Moved from Taxation to Property investment

Please post in the correct forum/subforum.


----------



## mandelbrot (9 Apr 2011)

Stephen75 said:


> Opinions like:
> Add it to your gross income and it's taxed as income tax,
> Stamp duty throw back benefits,
> Is me moving out and staying somewhere else, eating somewhere else(because I'm not in my kitchen), etc a deductable expense?



As far as I can see there's only one opinion there, regarding the taxation of the money received, and that is that the money is taxable as income.
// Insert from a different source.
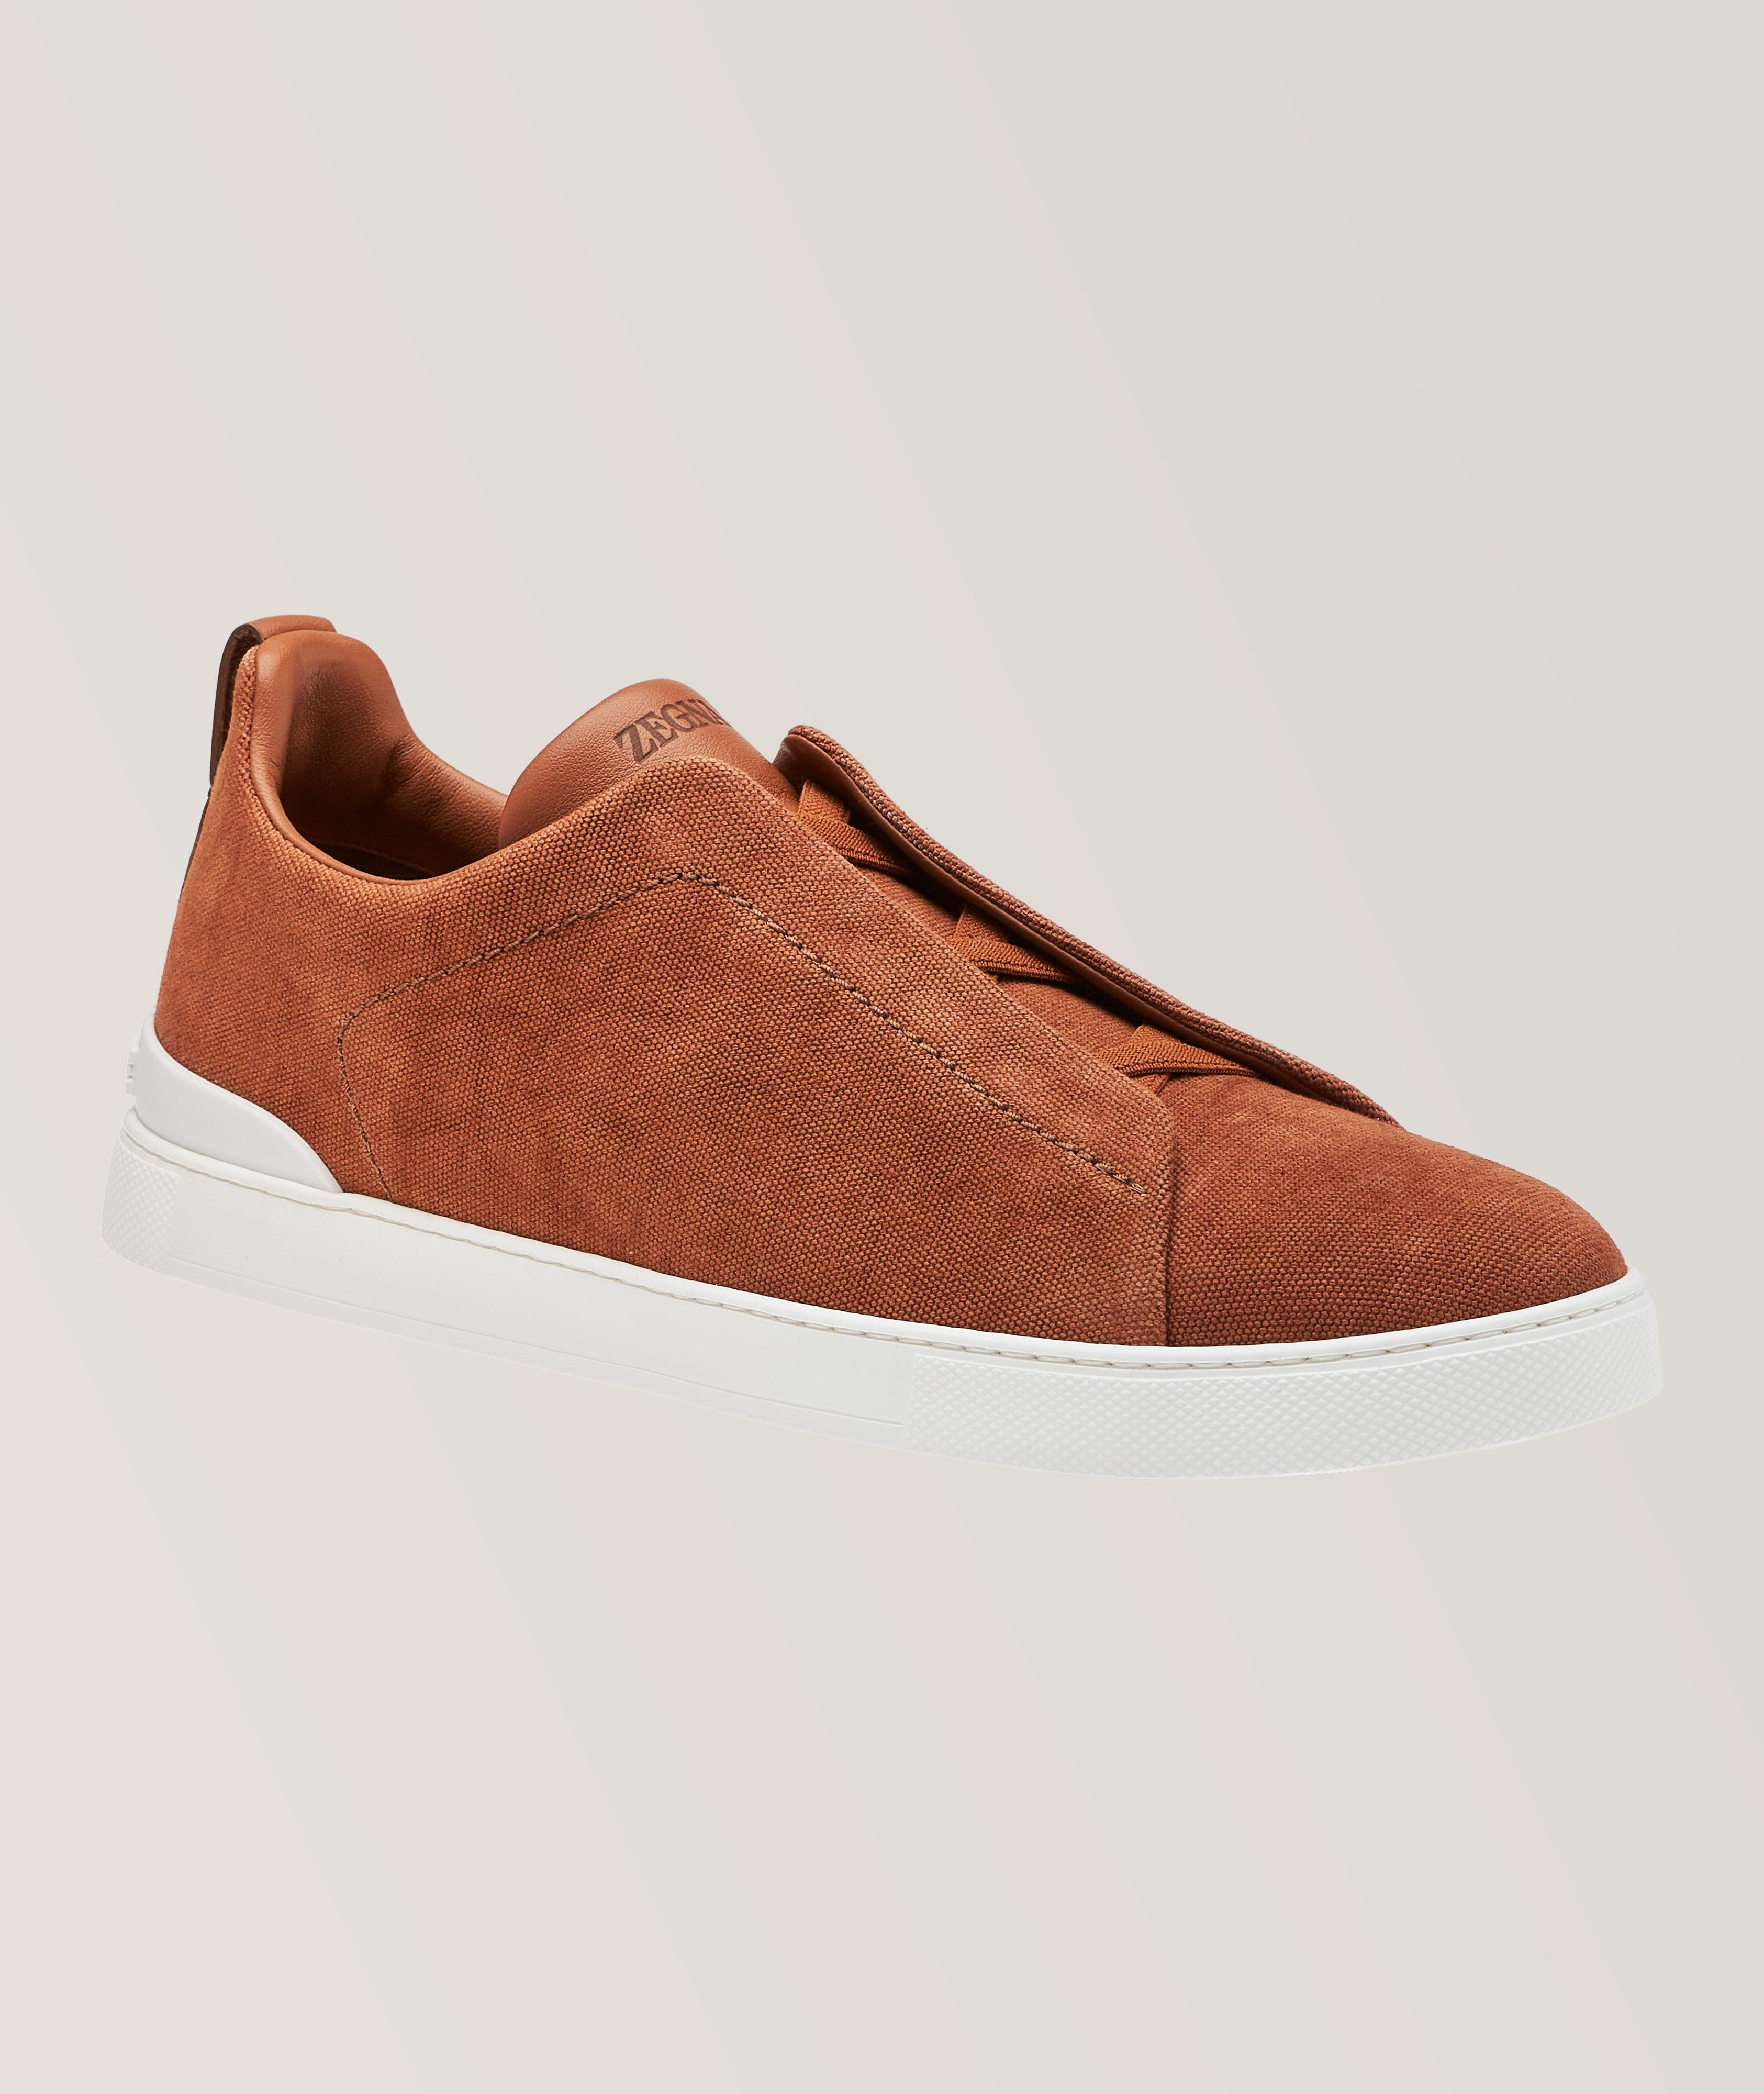 Zegna Canvas Triple Stitch Low Top Sneakers
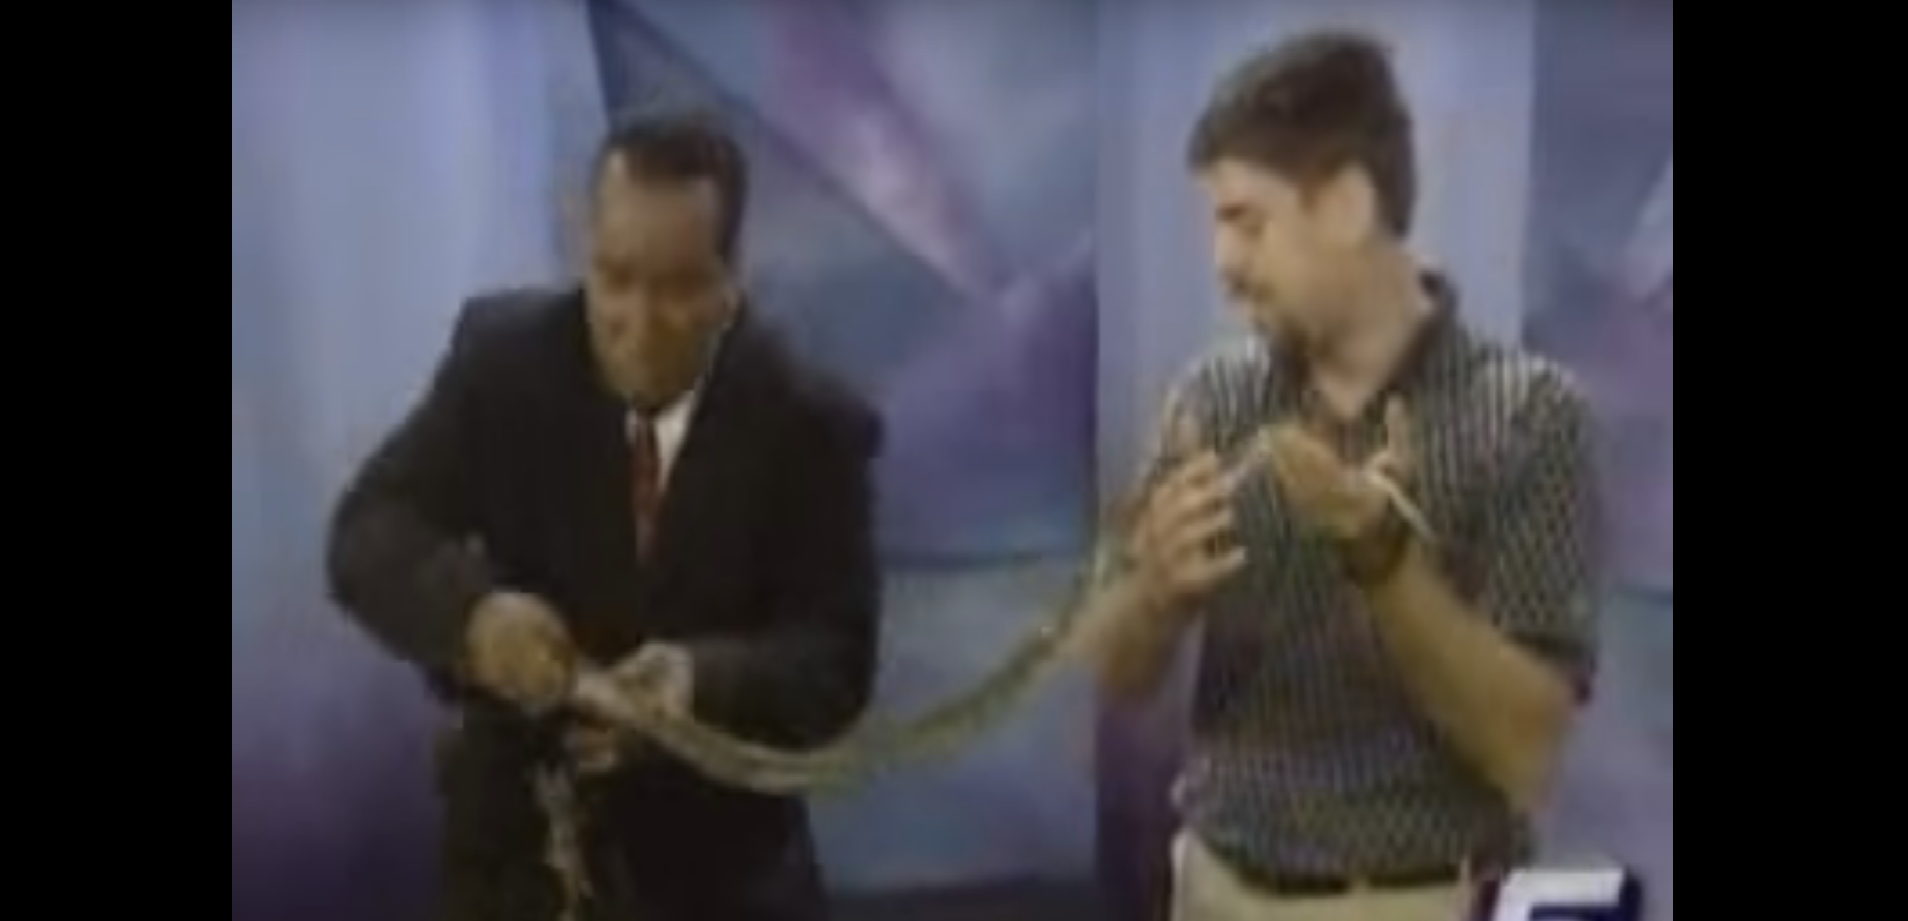 Watch This News Anchor Go Nuts After Lizard Jumps on Him

What does stamp duty throw back benefits even mean?! - I can certainly think of a stamp duty CLAWBACK LIABILITY - if a house that was bought with a first-time buyer stamp duty exemption is rented out within 2 years, then the owner may be liable to hand over the stamp duty that they didn't have to pay when they bought the house. (Won't apply in your case anyway as you said you bought in Jan '09).

As for you moving out and eating somewhere else being deductible, you are joking right?!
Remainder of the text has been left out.